Now comes his first American movie, a taut Hicthcockian thriller about a child kidnapping and the extremes one man will go to find his daughter. Set in a suburban community in rural Pennsylvania on the Thanksgiving weekend, the Dover family, mom and dad (Maria Bello and Hugh Jackman) and their children (Dylan Minnette and Erin Gerasimovich) visit their best friends, the Birch family (Viola Davis and Terrence Howard) and their daughter (Zoe Borde). The two girls go out to play after dinner but don’t return. Jackson searches the neighourhood with increasing panic and the only thing he can come up with is that the girls were last seen standing near a beat-up old camper. The police arrive, and detective Loki (Jake Gyllenhaal) is put in charge of the investigation where every minute counts. The camper is soon found but not the girls. The driver is Alex, a man-child (Paul Dano) with the mental age of a 10-year-old who lives with his aunt (Meliissa Leo). With no hard evidence, Dano is released much to the dismay of Jackman who decides to take matters into his own hands. Convinced that Alex knows where his daughter is hidden, he kidnaps him and locks him up in a deserted, dilapidated house that his family still owns. Detective Loki now has two mysteries to solve.

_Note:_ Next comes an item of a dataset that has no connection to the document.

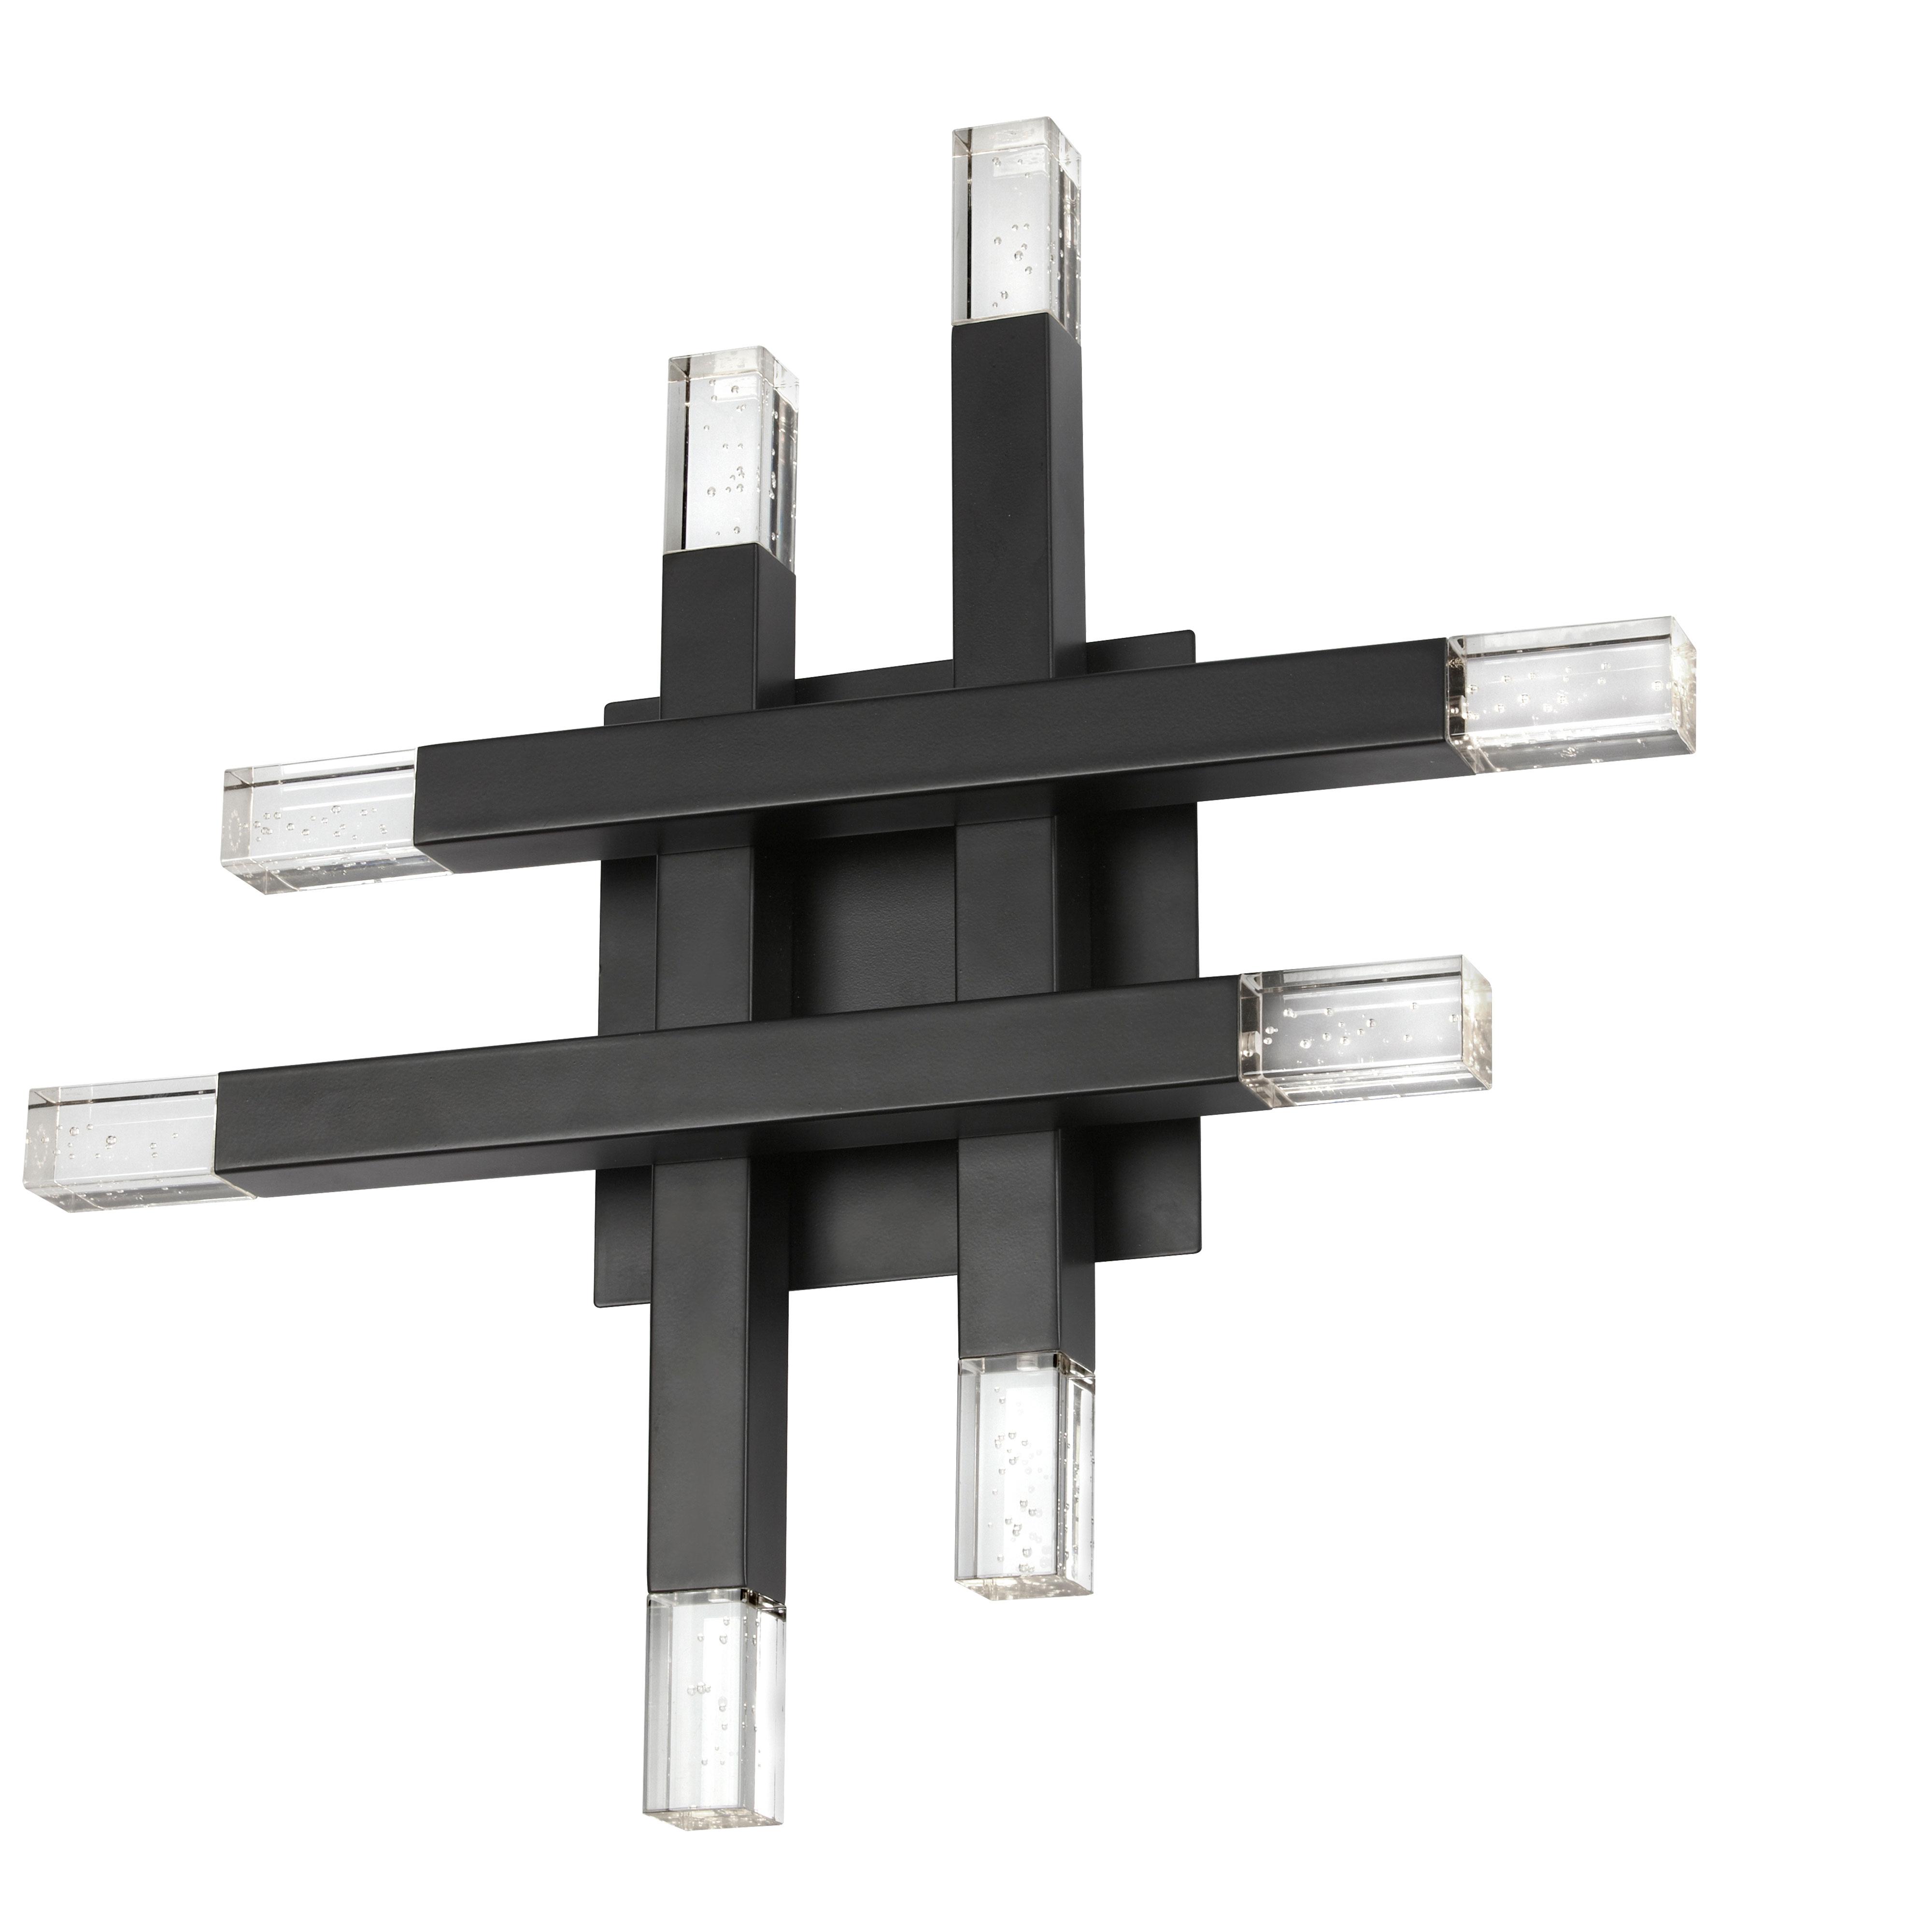 32W Matte Black Wall Sconce w/ Acrylic Diffuser
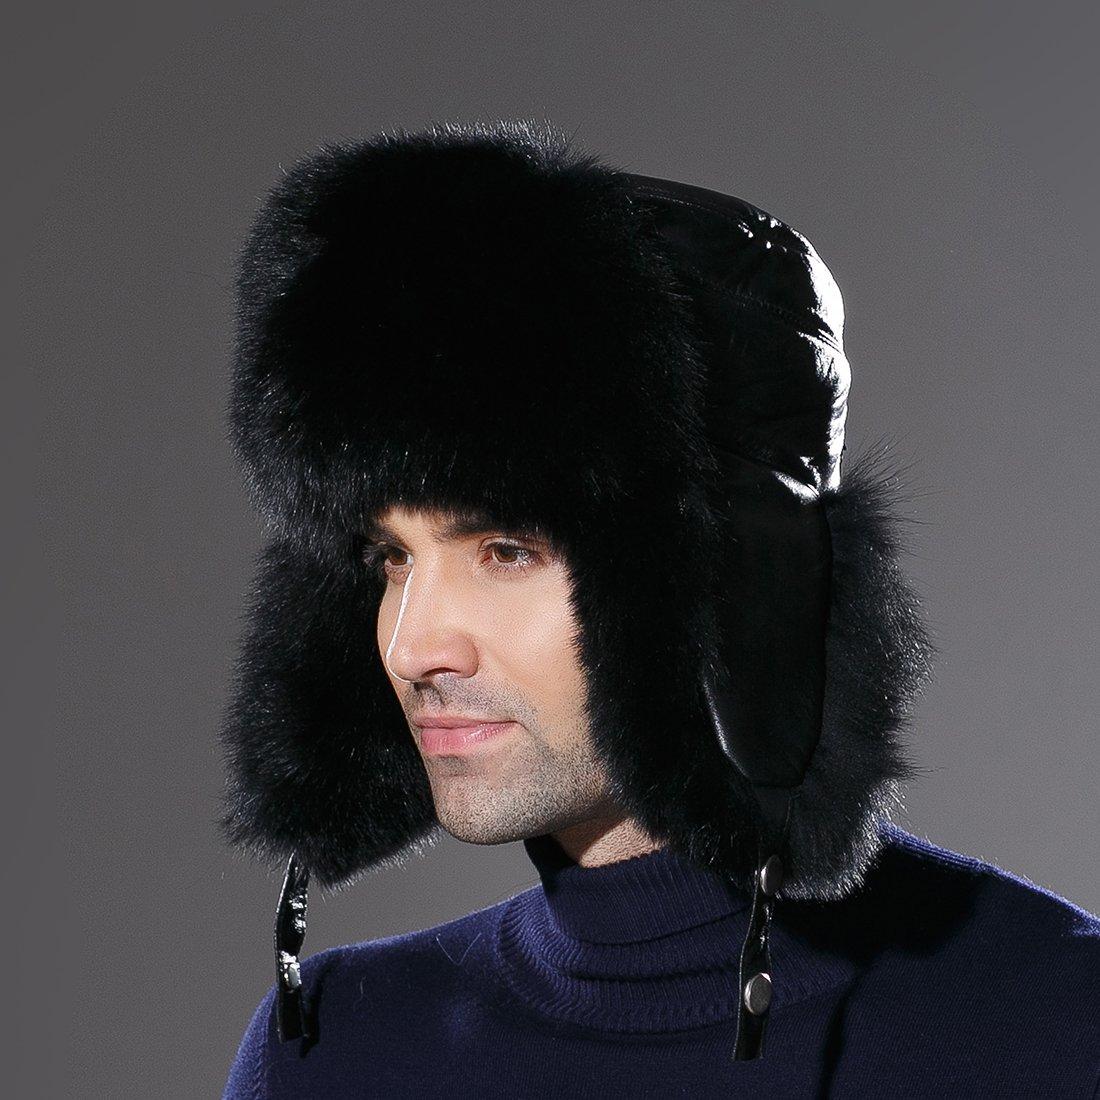 URSFUR Winter Russian Fur Hat Mens Real Fox Fur Ushanka Trapper Cap Black by URSFUR (Image #7)

Shot under a cold gray sky by the Coen Brothers’ acclaimed cinematographer Roger A. Deakins, the mood of despair never lifts. It seems to rain all the time and winter is fast approaching. There are excellent performances from a well-seasoned cast including Davis, Howard, Bello and Melissa Leo. But the linchpins for the devastation wrought in the film are Jackman – channeling the rage of Sean Penn in Mystic River, he gives the best performance of his career as the anguished father – and Gyllenhalal as the buttoned down frustrated detective with whom he locks horns. Veteran Canadian character actor Len Cariou makes a brief appearance as a defrocked priest.
Villeneuve shows the flashes of cinematic brilliance that he displayed in Incendies, and understands clearly that movies are about faces. Aaron Guzikowski’s script is first rate although it does sag two-thirds of the way into its two-and-a-half-hour running time before racing towards the final plot twist that is worthy of the Master of Suspense himself.